## REDSEA python version 0.0.1

Translated from Yunhao Bai's MATLAB code by Bokai Zhu.

Some minor difference with Yunhao's MATLAB (subject to update in future version):

1. Does not filter the positive nuclear identity (cells) (because that part of code is in "mibisegmentByDeepProbWithPerm3.m"). But can be easily added by user.
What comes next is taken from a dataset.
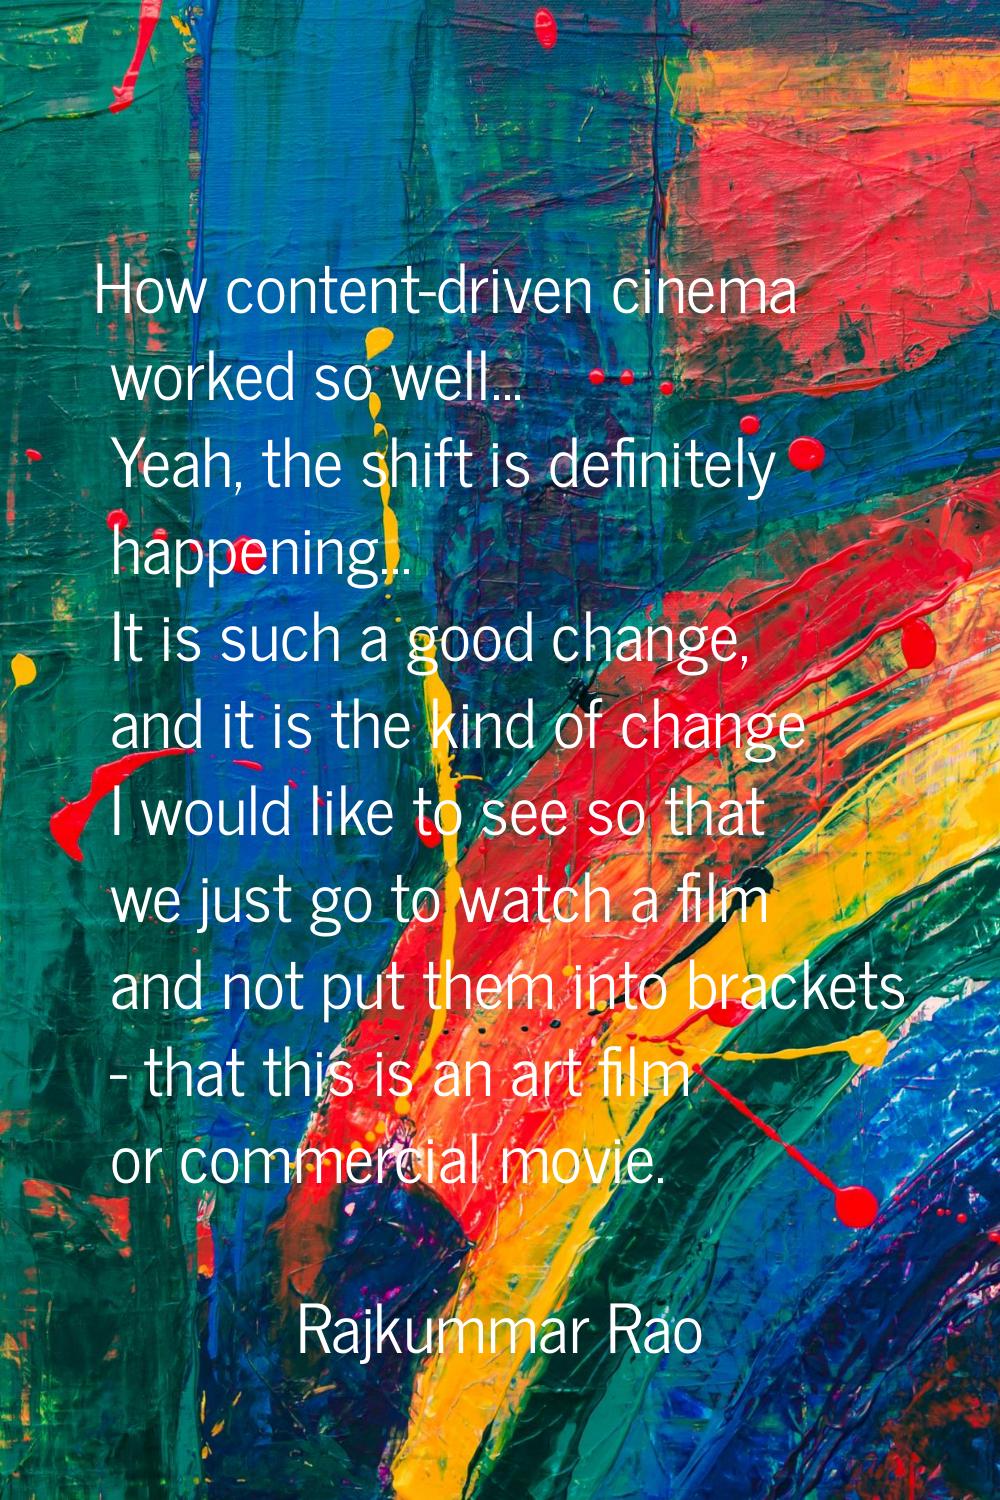 How content-driven cinema worked so well... Yeah, the shift is definitely happening... It is such a
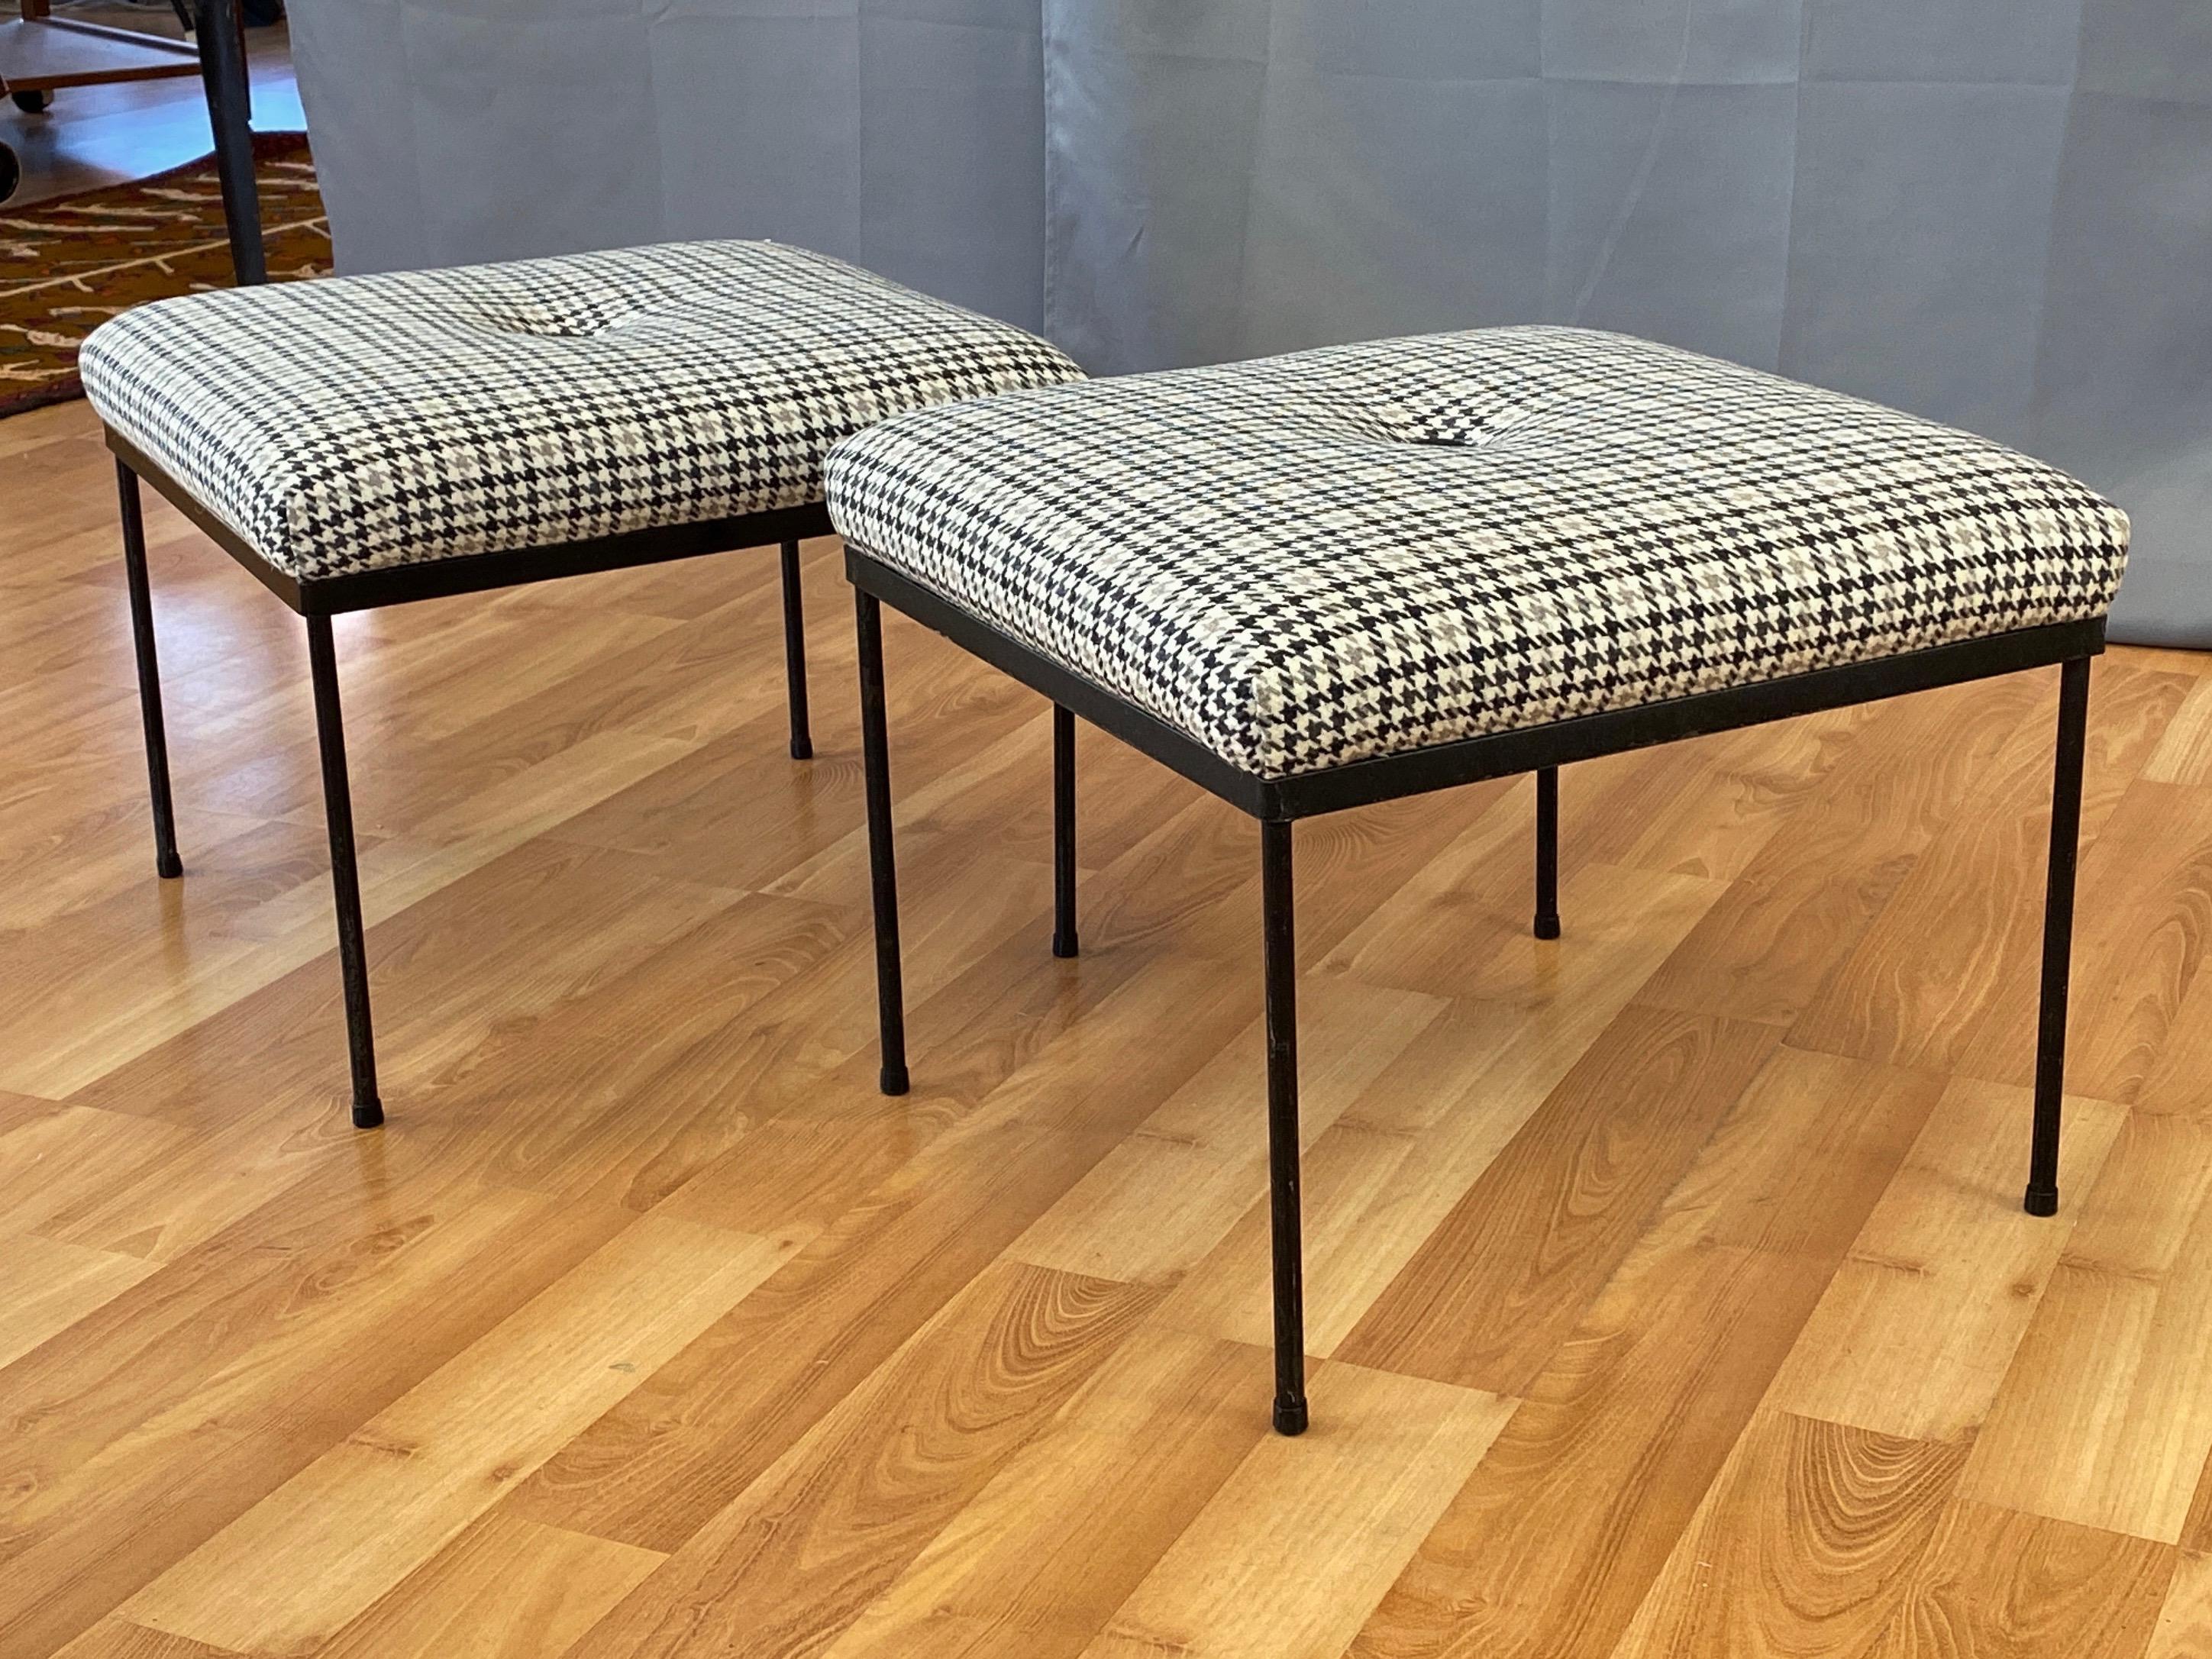 Mid-20th Century Pair of Paul McCobb-Style Houndstooth Upholstered Ottomans by Mallin, 1950s

2. Does not produce the sanity plot, since it should be outside of the compensation function. OPTIONAL add later

3. Does not produce FCS file at the end. Instead produce the 4 fcs file in a matrix style (pandas format), easier for later usage

Edited by Ben Caiello, with the intent of allowing it to work with current DeepCell segmentation masks / the steinbock pipeline. The algorithm is not identical, as that is not possible (I think) given the differenes in the masks of old DeepCell and new DeepCell (+ / - zero boundaries changes the effective pixel width of the boundary measurement step).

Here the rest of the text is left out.